By operating without melting, Metalysis enables alloy combinations that conventional methods struggle to achieve. When metals with very different melting temperatures are combined using traditional techniques, one element may evaporate before the other melts. The solid-state process avoids this challenge entirely, opening the door to new material formulations that deliver strength, durability, and thermal performance in demanding environments.

These metal alloy powders serve as feedstock for downstream powder metallurgy processes such as pressing and sintering or additive manufacturing with applications in space propulsion systems, hypersonics,  lightweight aerospace structures, nuclear fission and fusion, and semiconductor applications. The Metalysis process is far less energy intensive than traditional processes and more efficient in terms of outputs. Additive manufacturing processes further improve efficiency by reducing waste.
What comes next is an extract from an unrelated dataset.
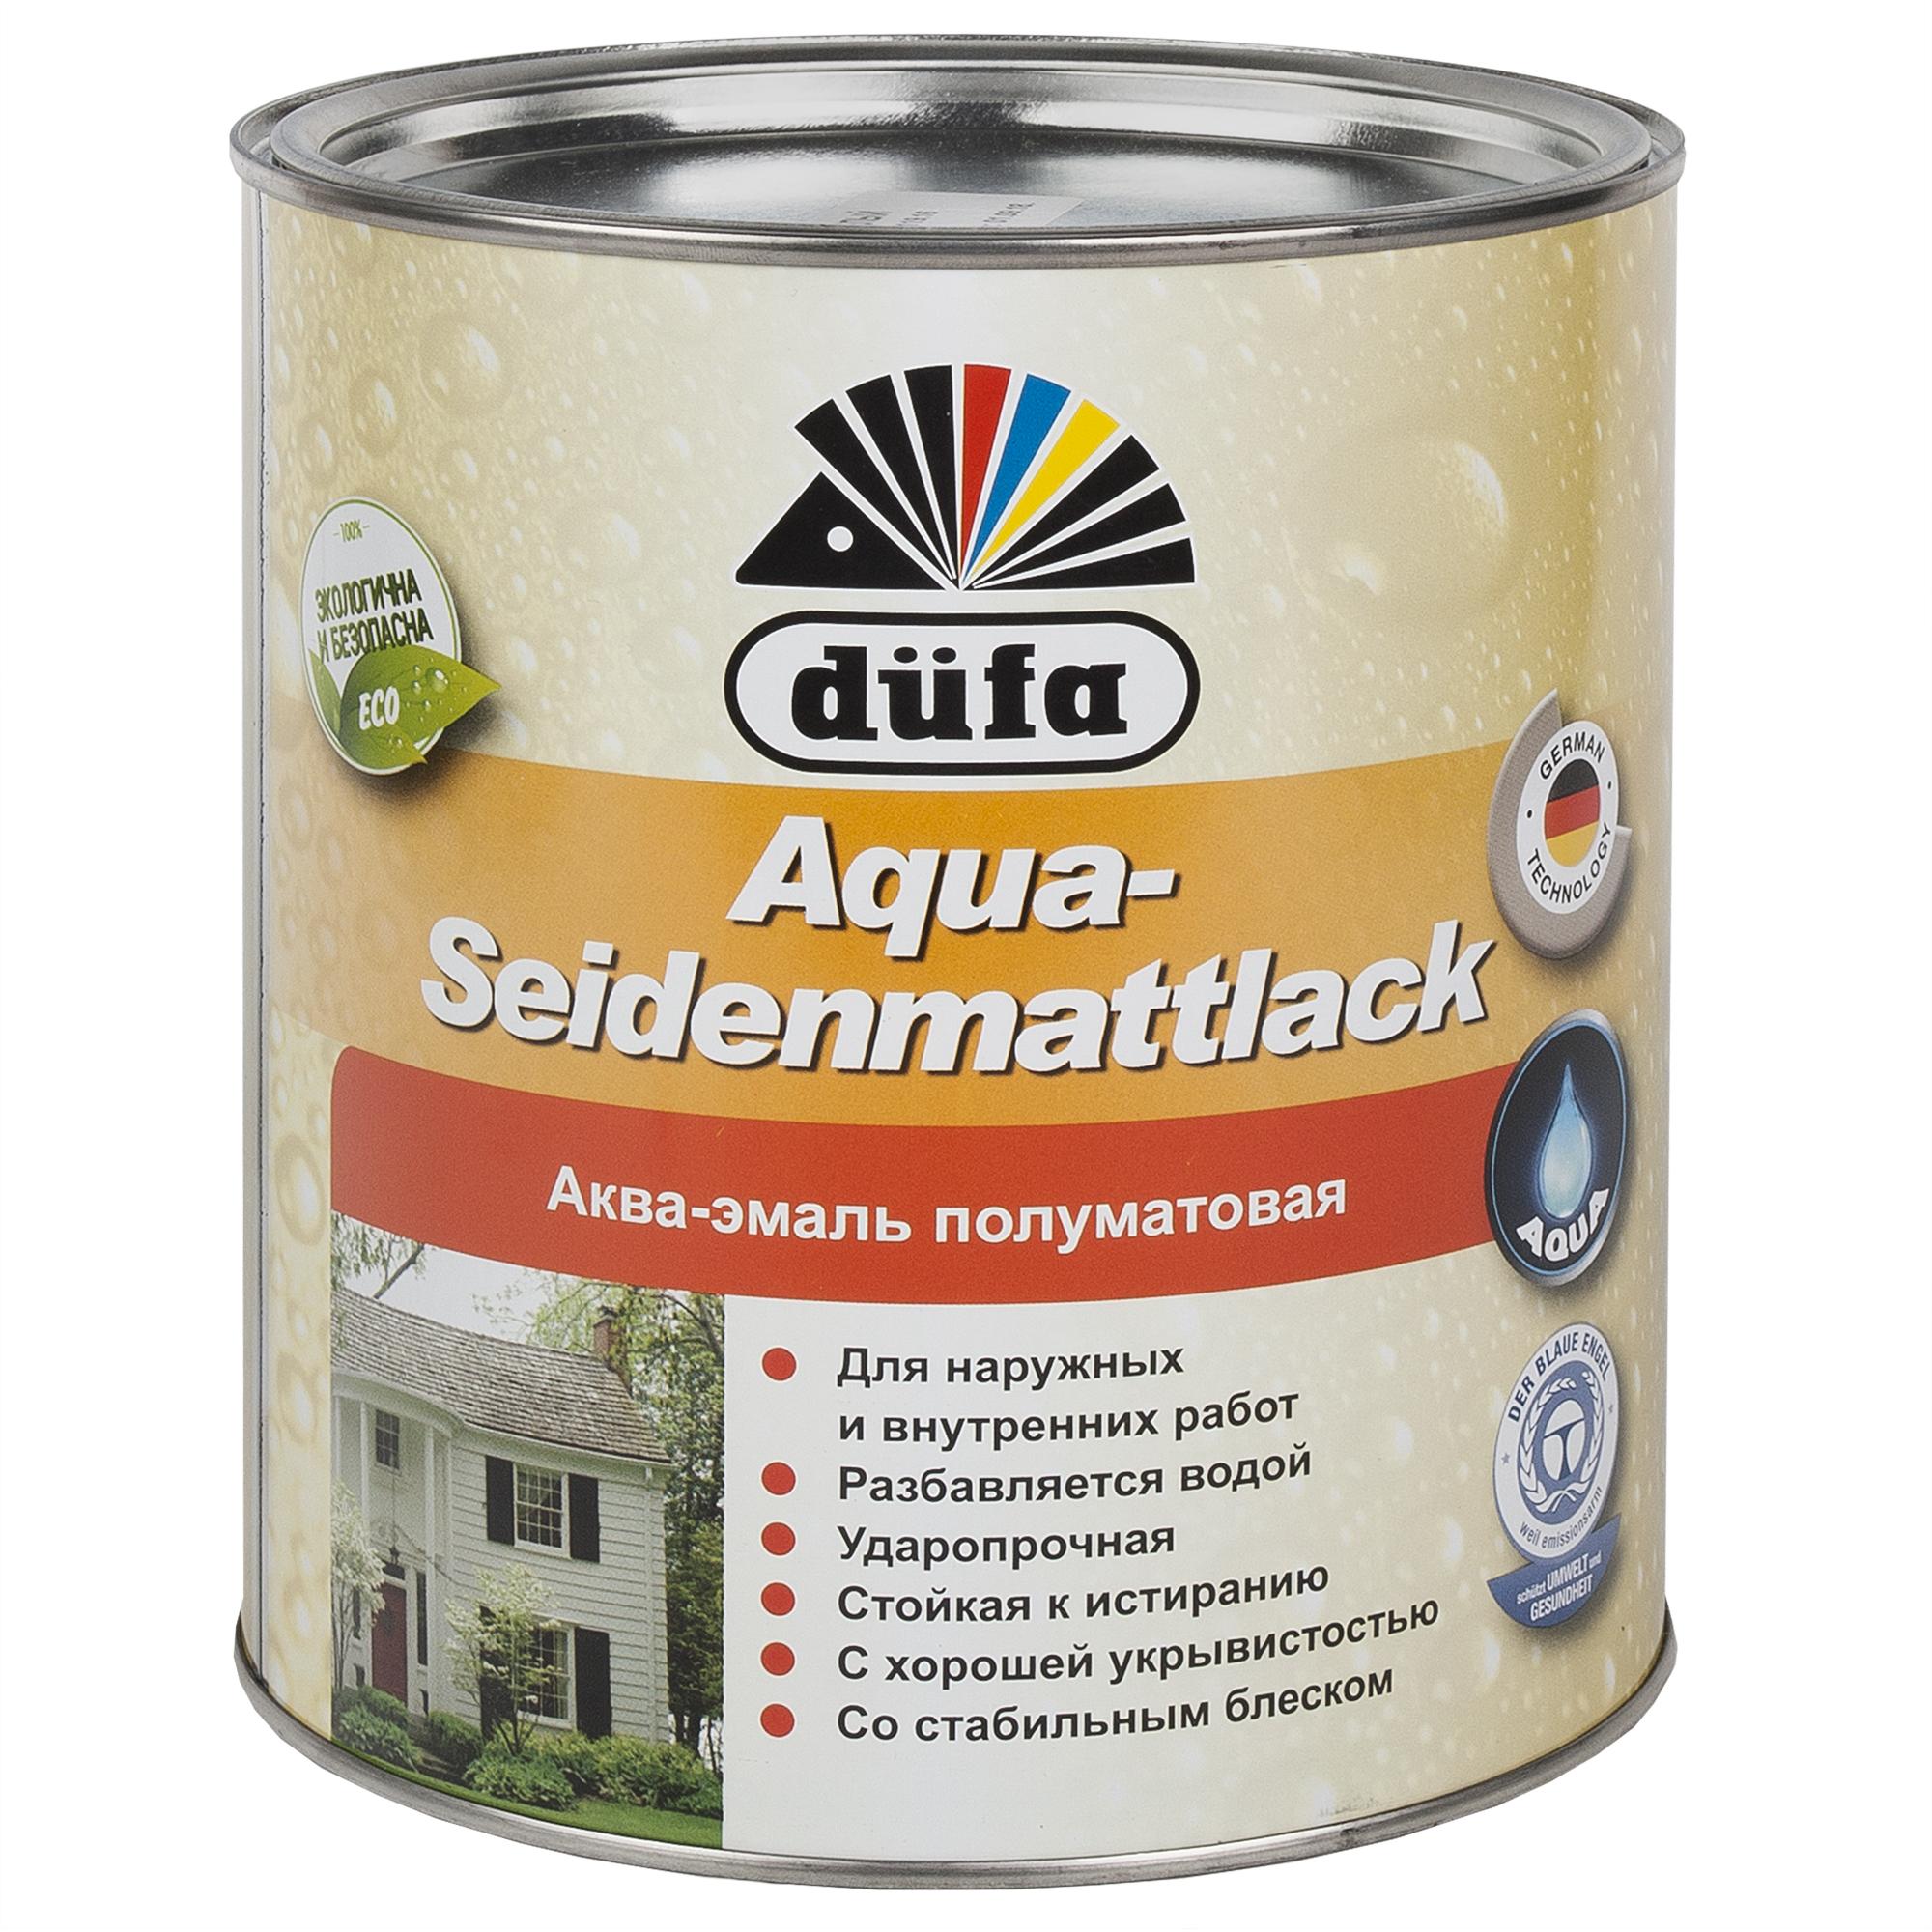 Акрилдік шайыр негізді су қосып сұйылтылатын эмаль: Dufa Aqua-Seidenmattlack эмалі, жартылай күңгірт, түсі ақ, 2,5 л

Instead of machining parts from large billets where most of the material is removed, components are built layer by layer, placing material only where it is needed. This approach supports stronger designs with fewer parts and lower material loss, which is especially valuable in aerospace and space systems.

The same process that supports advanced manufacturing on Earth is also influencing how materials are considered for space. Metalysis’ powders are well suited for high-temperature environments and extreme operating conditions common in propulsion and spaceflight hardware. Their ability to tailor alloy composition provides manufacturers with new options to design components that balance performance, weight, and resilience.  Metalysis was recently selected by UK space firm Skyrora for the development and production of a new tantalum and niobium alloy, tanbium, to be applied in nozzles and combustion chambers. 

As space manufacturing evolves, the importance of materials innovation continues to grow. By rethinking how metal powders are produced and applied, solid-state processes like those developed by Metalysis are helping manufacturers build better alloys and more capable systems for Earth and beyond.